▶ Assignment
Could you copy each line of the listing that holds "Abmessungen"?

▶ Dataset extract
===
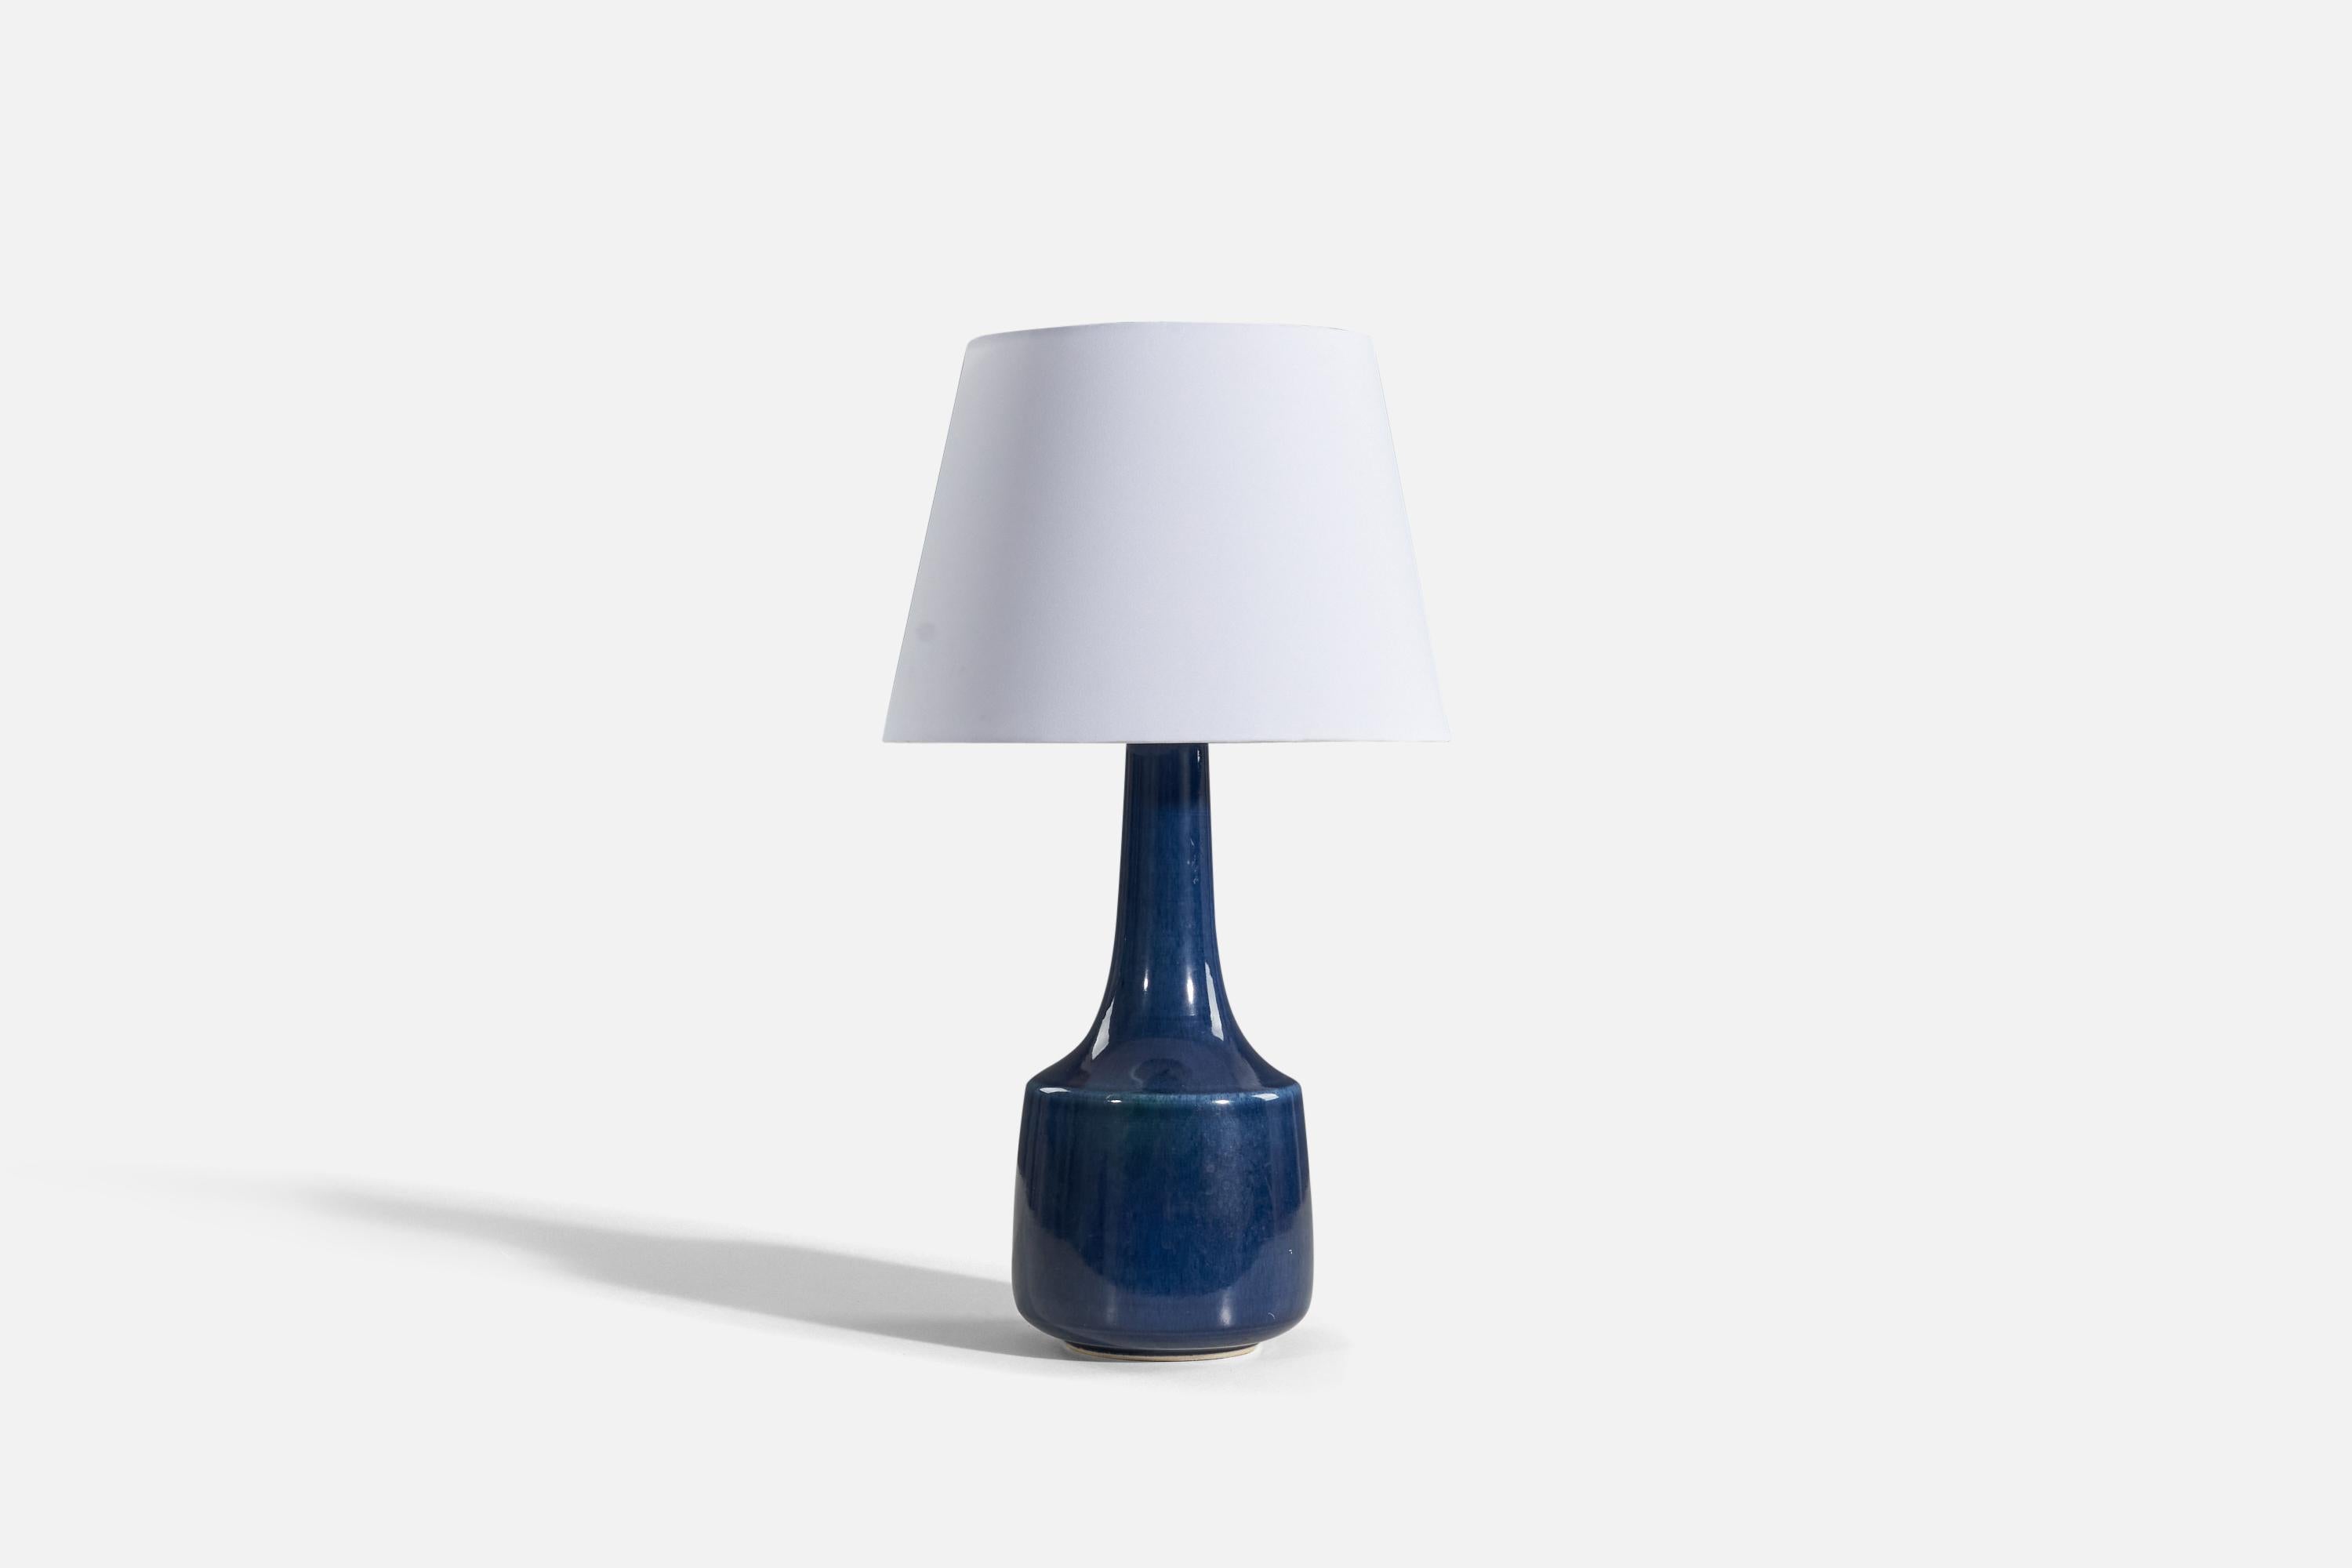 Eine Tischlampe aus blauer Keramik und Messing, entworfen und hergestellt von Lotte und Gunnar Bostrom, Kanada, 1960er Jahre.

Verkauft ohne Lampenschirm. 

Abmessungen der Lampe (Zoll): 21,375 x 7 x 7 (H x B x T).
Abmessungen des Schattens
===
▶ Solution to this exercise
Abmessungen der Lampe (Zoll): 21,375 x 7 x 7 (H x B x T).
Abmessungen des Schattens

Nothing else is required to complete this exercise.